#### [EXTRACTED RECORDS]
☆ ☆ ☆ ☆ ☆ ☆ ☆
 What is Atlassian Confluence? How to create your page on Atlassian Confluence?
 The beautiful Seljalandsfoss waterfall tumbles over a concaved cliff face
☆ ☆ ☆ ☆ ☆ ☆ ☆
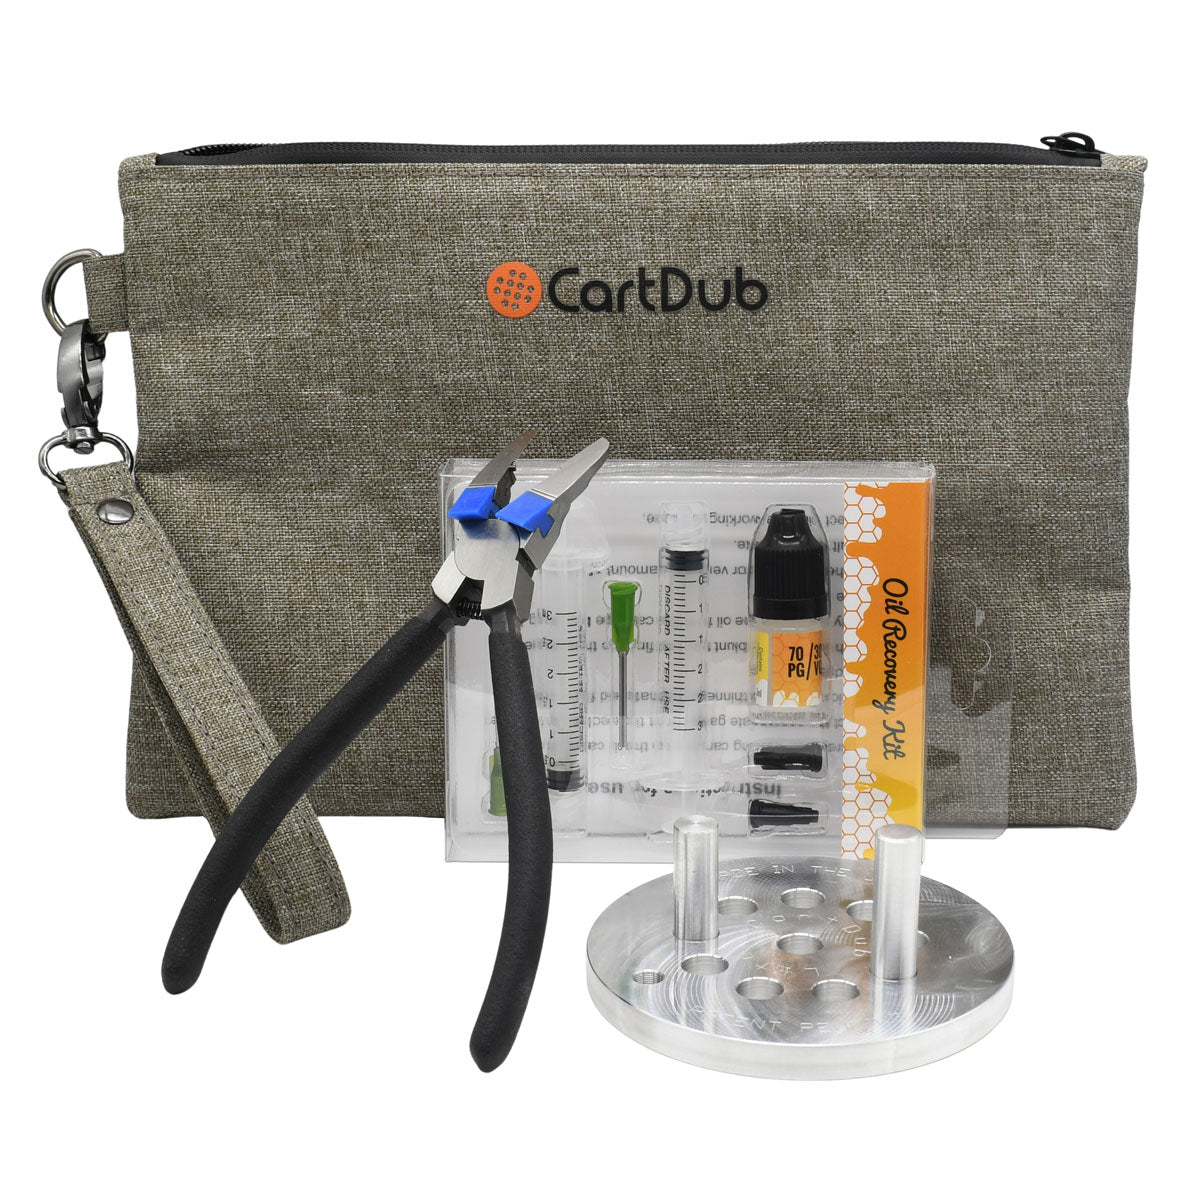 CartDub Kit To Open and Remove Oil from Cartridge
☆ ☆ ☆ ☆ ☆ ☆ ☆
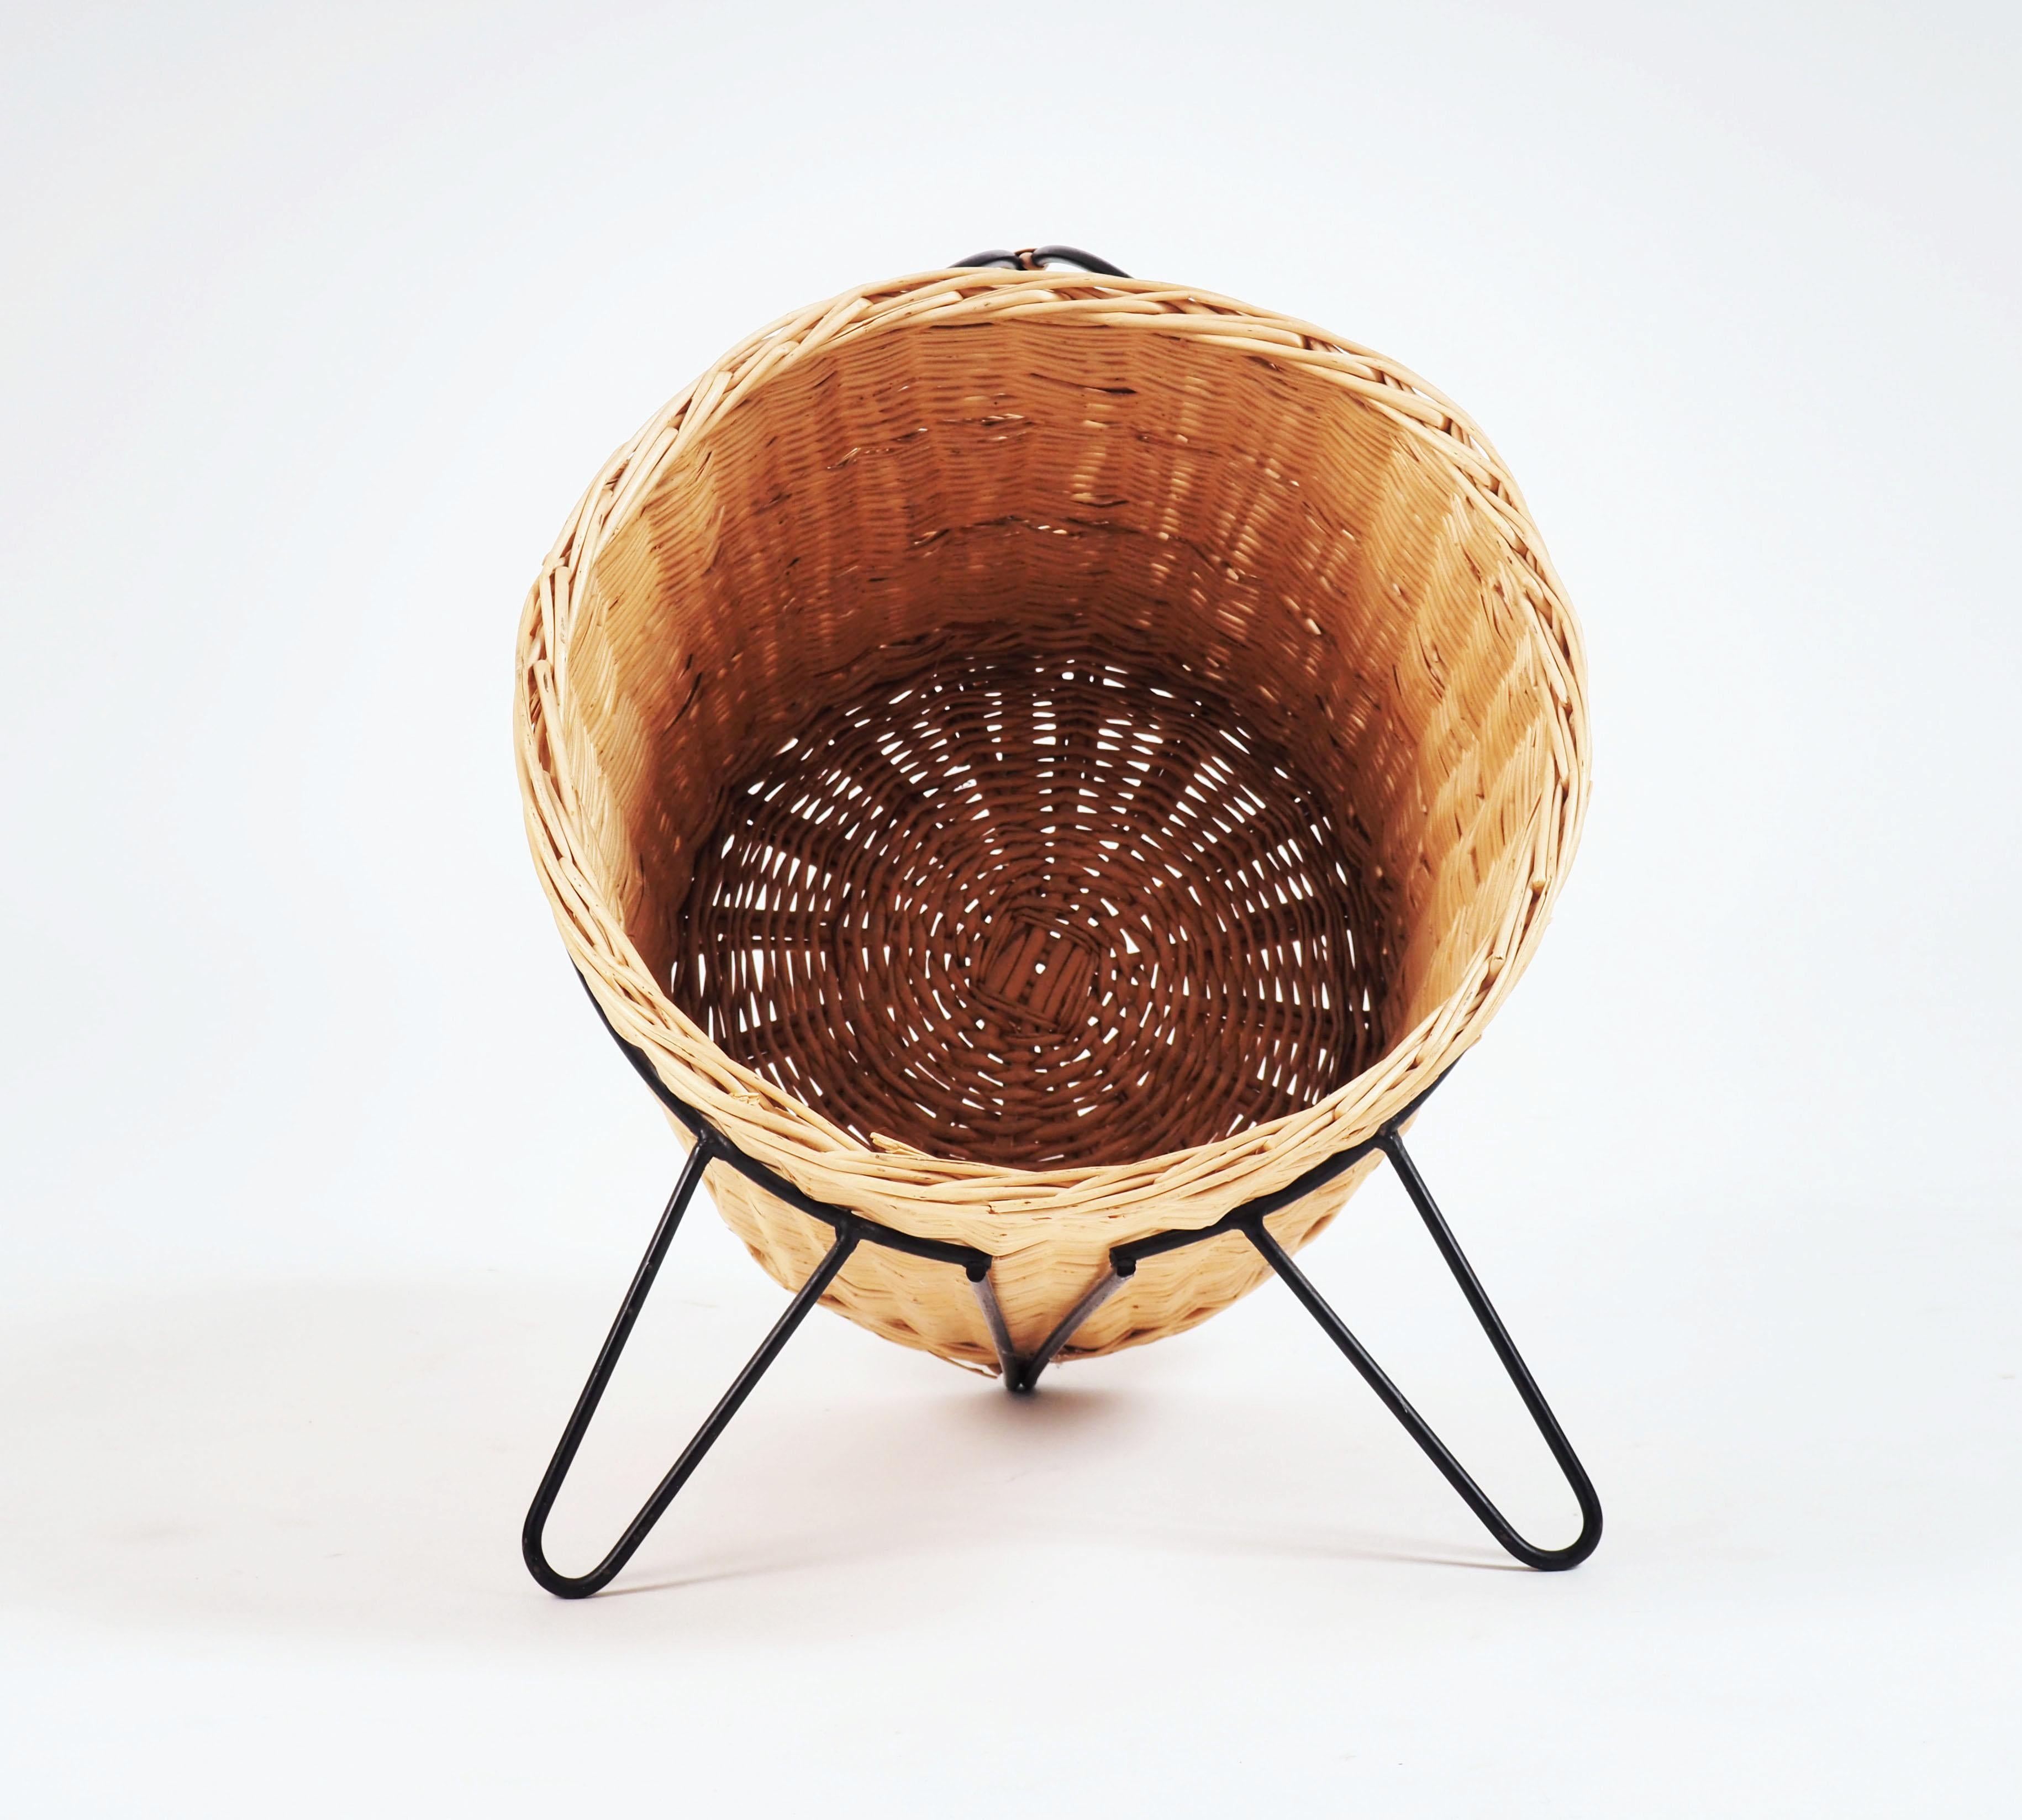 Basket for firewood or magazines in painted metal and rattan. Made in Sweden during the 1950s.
☆ ☆ ☆ ☆ ☆ ☆ ☆
#### [ASSIGNMENT]
Retype exactly the lines above, from the one with "What is Atlassian" through the one with "The beautiful Seljalandsfoss", inclusive.

#### [FINISHED TASK]
 What is Atlassian Confluence? How to create your page on Atlassian Confluence?
 The beautiful Seljalandsfoss waterfall tumbles over a concaved cliff face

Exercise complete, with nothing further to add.